Esta declaração de Mariana Mortágua, as palavras categóricas
de Catarina Martins de que é preciso acabar com os Comandos depois de dois
soldados terem morrido durante um treino, etc. convencem-me que o Bloco de
Esquerda, tal como o Partido Comunista Português, gosta de fazer propostas
simples e populistas, sem pensar nas consequências, o principal é ganhar
visibilidade e votos.
Isto não é novo no mundo e obriga a analisar experiências
anteriores.
O escritor russo Mikhail Bulgakov escreveu a genial obra “O
Coração de Cão” na alvorada do poder comunista na União Soviética, em 1926, mas
esteve proibida durante décadas. Para os que não a leram, digo apenas que o
personagem principal é um cão (Charik), transformado em ser humano por um
conhecido cirurgião durante a revolução comunista de 1917. À medida que o cão
ia evoluindo, absorvia como uma esponja as palavras de ordem revolucionárias,
mas não perdia os seus instintos animais, por exemplo, caçar gatos.
Quando já se tinha transformado em homem, ele teve a seguinte
conversa com o cirurgião Filipp Filipovitch Preobrajenski:
“Filipp Filippovitch pousou o cotovelo na mesa, olhou para
Charikov e perguntou:
- Permita-me saber o que pode dizer sobre o que leu”.
O novo ser humano, que dizia estar a ler a correspondência de
Engels com Kautski, encolheu os ombros e disse:
“- Eu não estou de acordo.
- Com quem? Com Engels ou com Kautski?
- Com ambos – respondeu Charikov.
- Fantástico, juro por Deus… E o que propõe da sua parte?
- Mas que propor? Escrevem, escrevem… Congresso… Uns alemães
quaisquer… A cabeça fica cheia. É pegar em tudo e dividir”.
Como se veio a revelar no livro, era um tal Chvonder,
revolucionário de tendência trotskista, que fornecia literatura do género a
Charikov e o tentava converter à revolução proletária.
O cirurgião, vendo o monstro que criou, volta a transformar o
ser humano em cão. Na realidade, o monstro foi criado e chamou-se “homem
soviético”.
O Doutor Francisco Louçã pode dizer que não foi Trotski, mas
Estaline que criou o novo ser, mas, se o primeiro não tivesse perdido a
contenda pelo puder com o segundo, os resultados não seriam melhores. Basta
recordar a crueldade com que Lev Trotski reprimiu a revolta de Kronstadt,
realizada por marinheiros anarquistas e comunistas de esquerda descontentes com
a política do poder soviético.
Depois de estudar a História da URSS e de viver nesse país
nos seus últimos 14 anos, concluo que não é séria a proposta de voltar a tentar
“construir o socialismo”, tanto mais que uma das forças políticas nisso
interessadas tenha no seu programa publicado o “centralismo democrático” e, nas
suas bases ideológicas, a “ditadura do proletariado”.

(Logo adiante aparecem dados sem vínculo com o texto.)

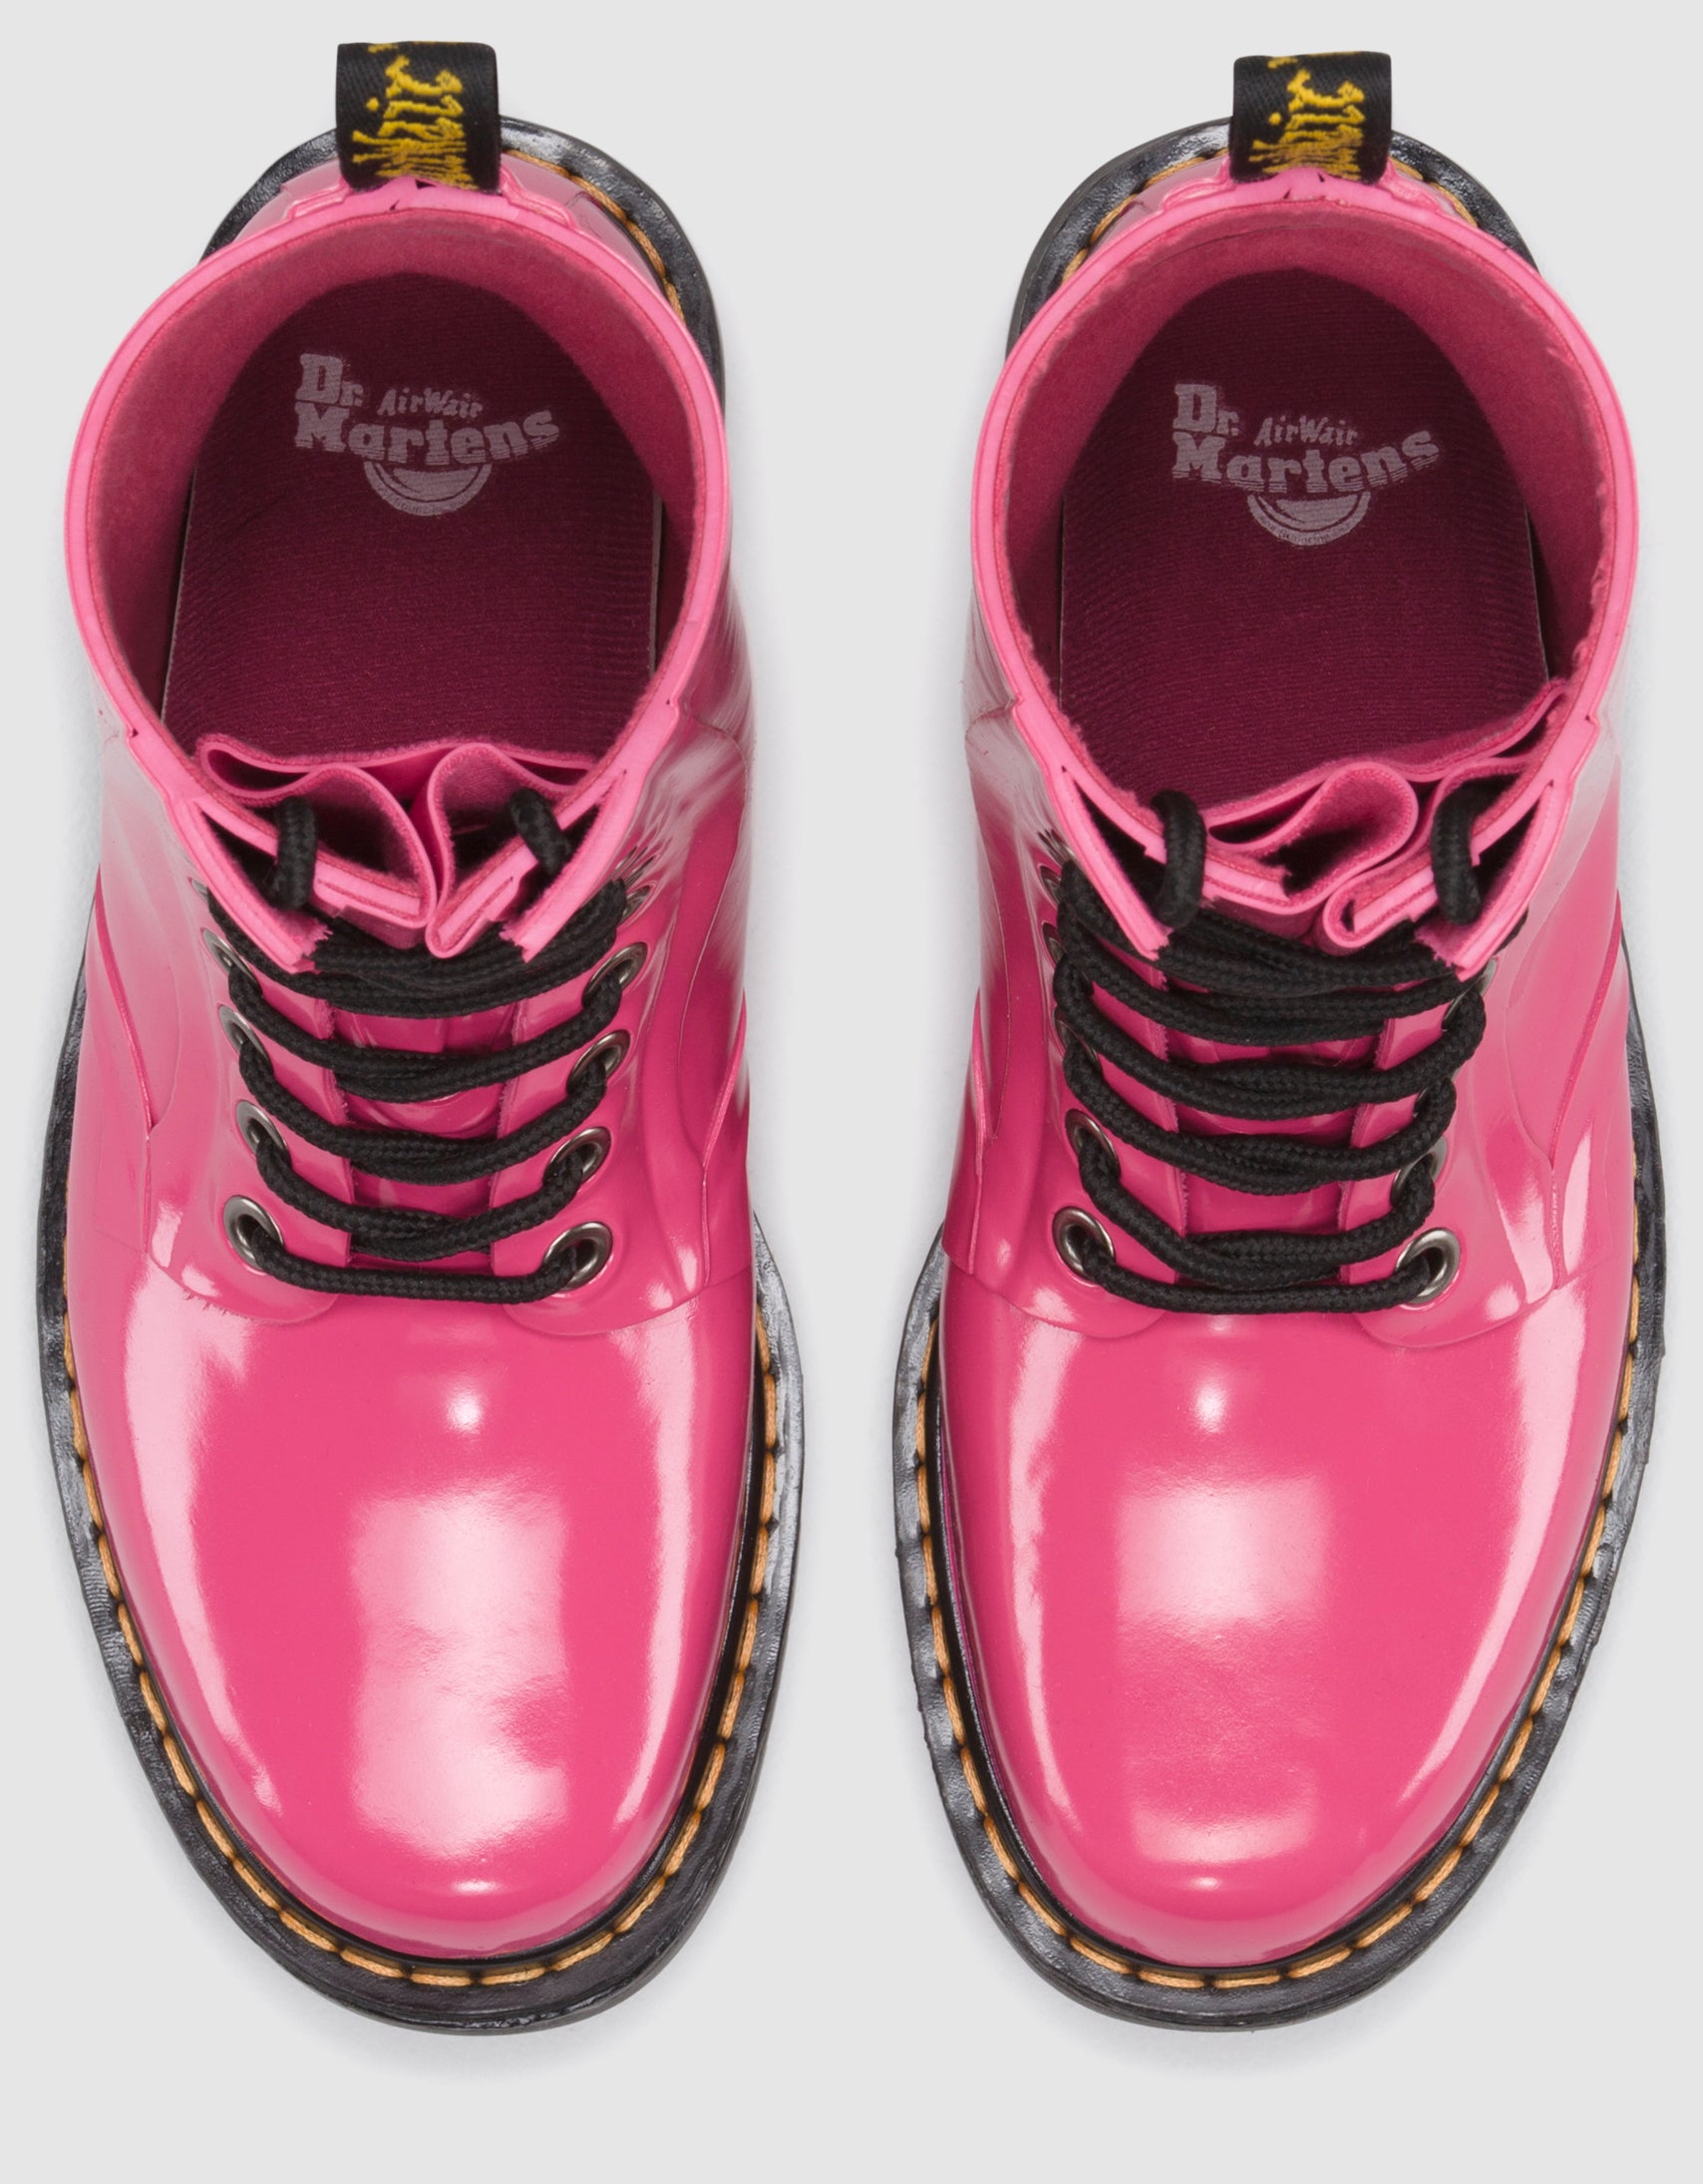 DRENCH HOT PINK PATENT RUBBER BOOT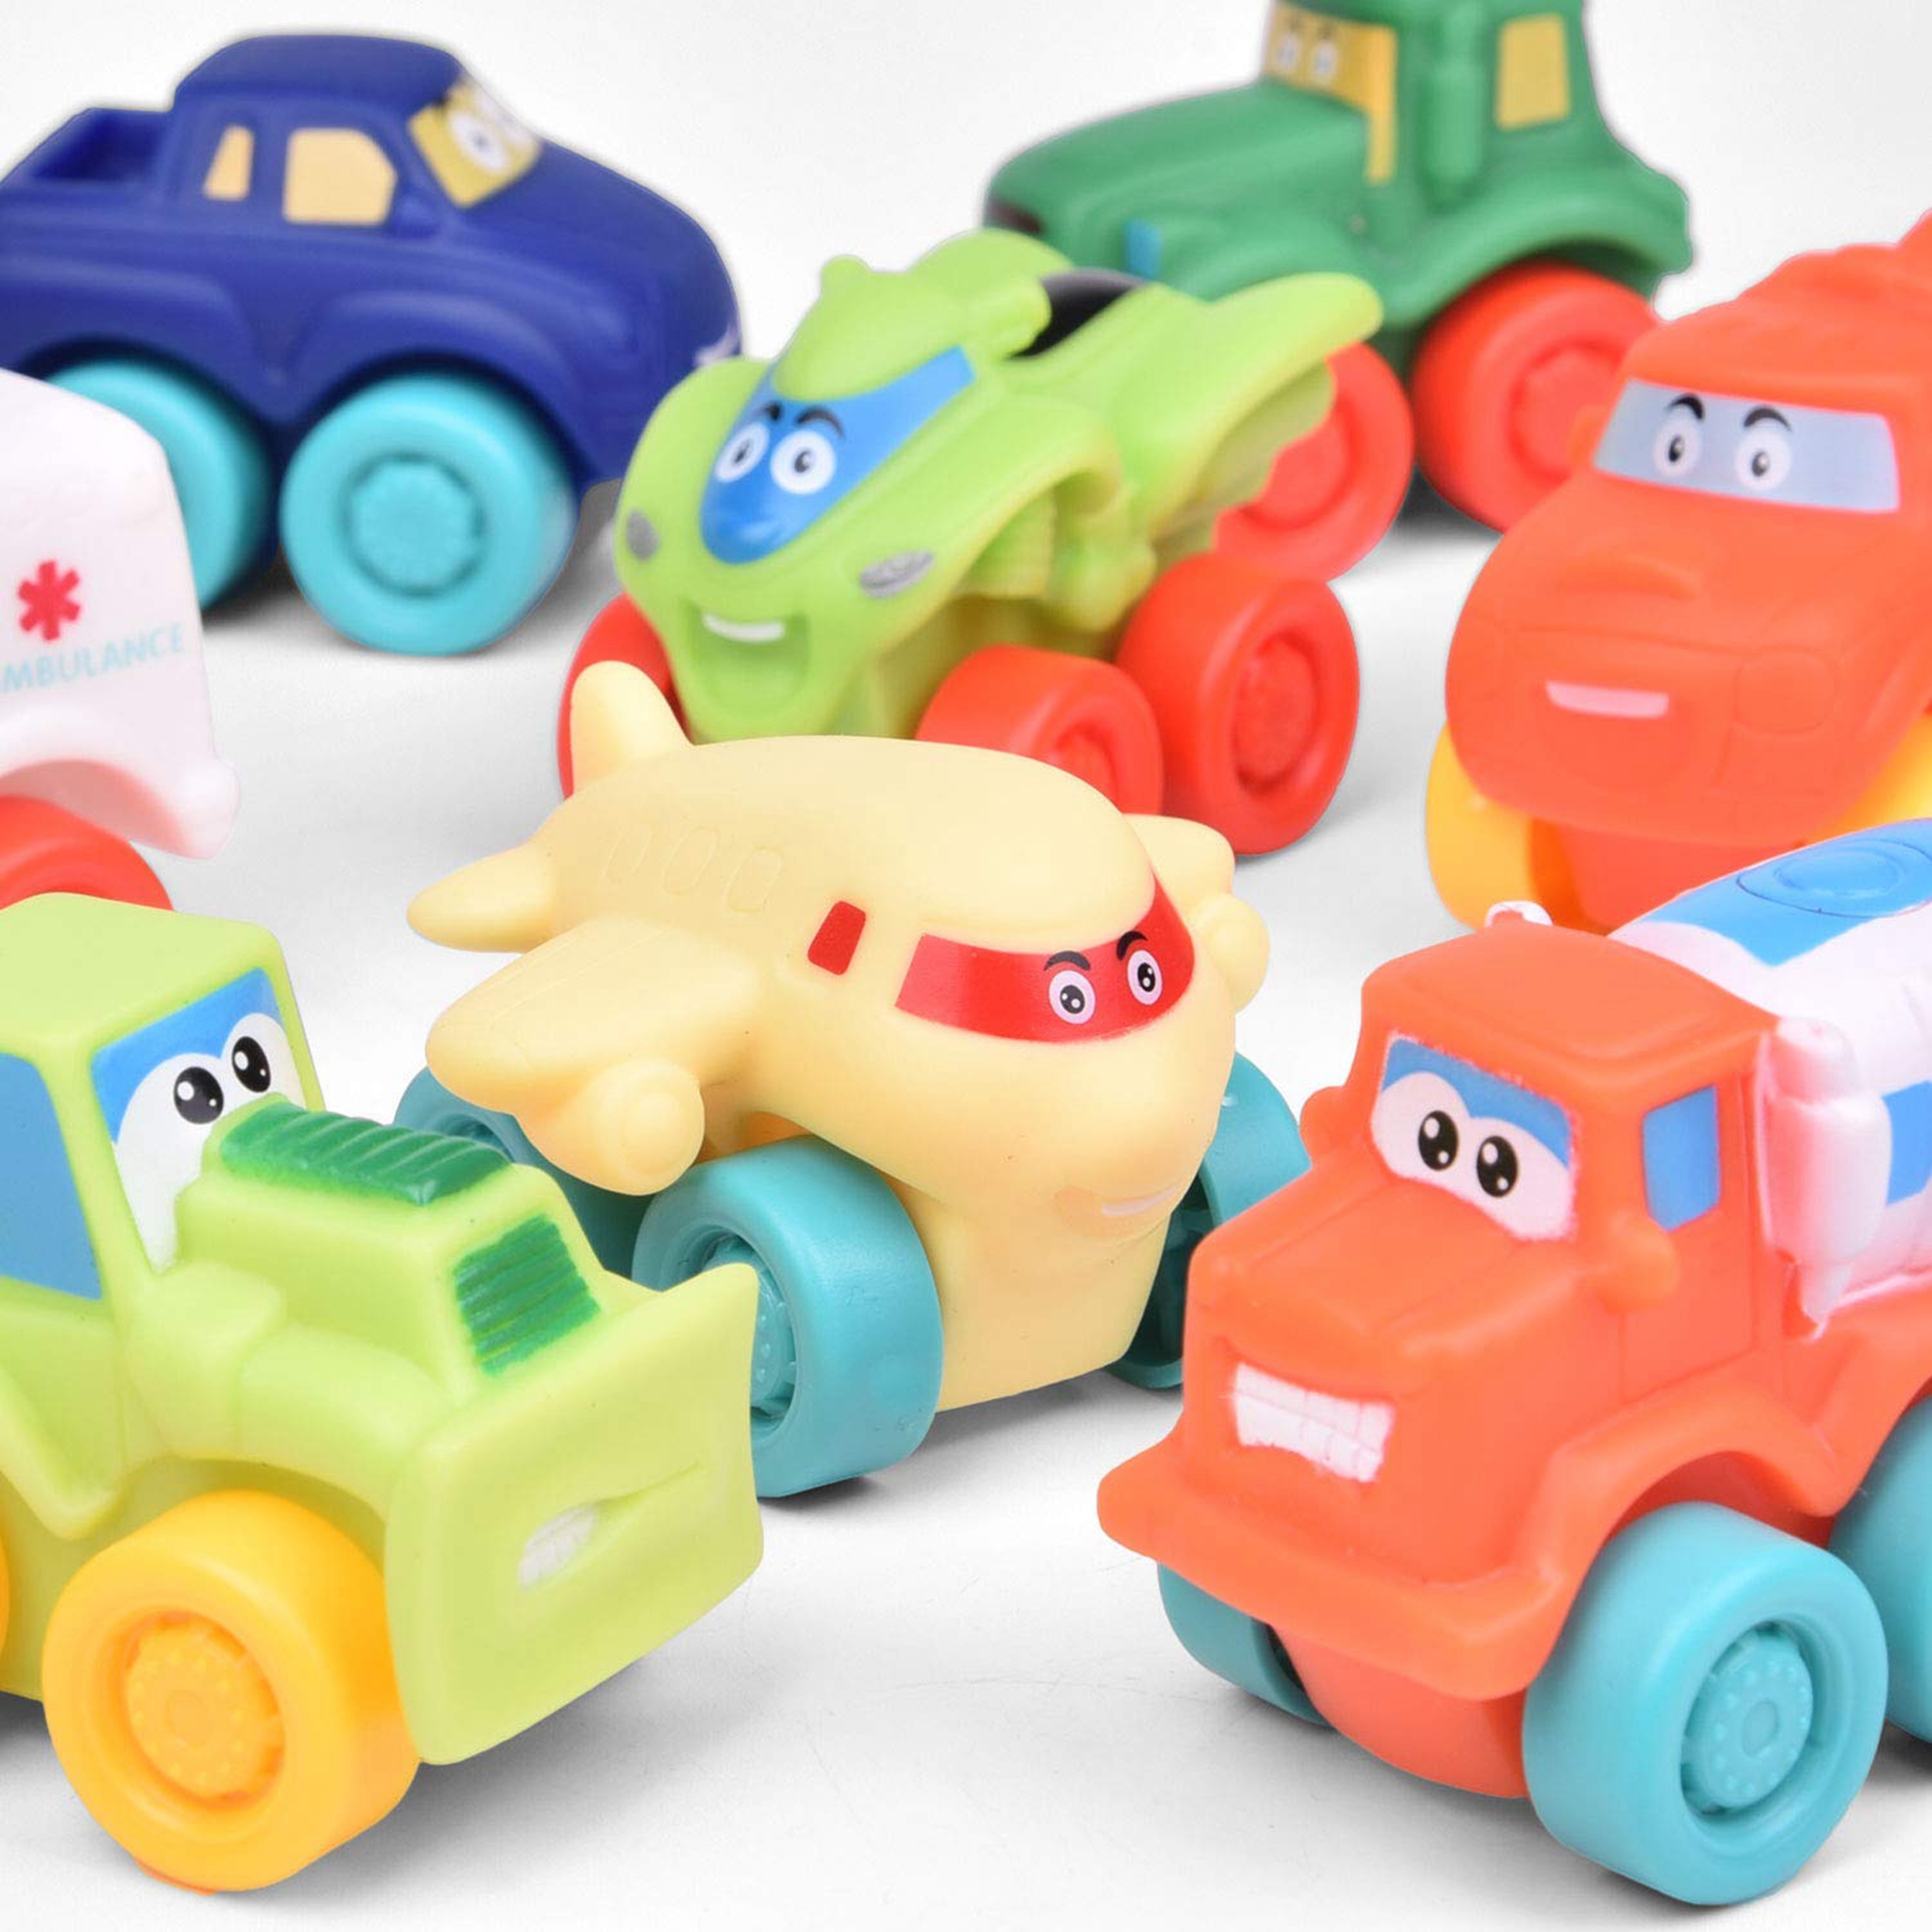 18 Pcs Easter Eggs Prefilled with Baby Cars for Easter Basket Stuffers, Soft Rubber Toy Vehicles for Baby Easter Gifts F-551 - image 1 of 4

Com isto não quero dizer que estou contente com o estado em
que se encontra o nosso país, com o aumento da pobreza e do emprego, com a
erosão da classe média, com o aumento da dívida externa portuguesa, com a
corrupção e o nepotismo. Considero que o actual capitalismo é um sistema
injusto, desequilibrado, necessita de reformas profundas, mas, mesmo assim, não
penso que a alternativa seja confiscar e repartir.
Dr. Francisco Louçã, obrigado por me desejar delicadamente
“as melhoras”, mas há receios de que talvez nunca me libertarei até ao fim da
vida. Talvez até seja uma fobia sem fundamento, mas…
P.S. Sublinho que, ao utilizar o livro “O Coração de Cão”
neste artigo, não viso insultar ninguém. A minha intenção foi uma: mostrar que
há experiências que parecem ser fáceis e com resultados rápidos, mas tal não
acontece na vida real.
3 comentários:
José Milhazes, tentar justificar, o que você mesmo considera uma infelicidade, com esta explicação é somar mais uma infelicidade. Ficamos a saber que uma proposta de um imposto sobre as fortunas patrimoniais significa a instauração do comunismo. Quanto à comparação do cão Sharik com Mariana Mortágua, digamos que é edificante e reforça a sua primeira infelicidade e pretensão de internar, tal como na URSS, os discordantes em Hospitais psiquiátricos.
Neste momento de histeria política, destaco a visão "Considero que o actual capitalismo é um sistema injusto, desequilibrado, necessita de reformas profundas, mas, mesmo assim, não penso que a alternativa seja confiscar e repartir."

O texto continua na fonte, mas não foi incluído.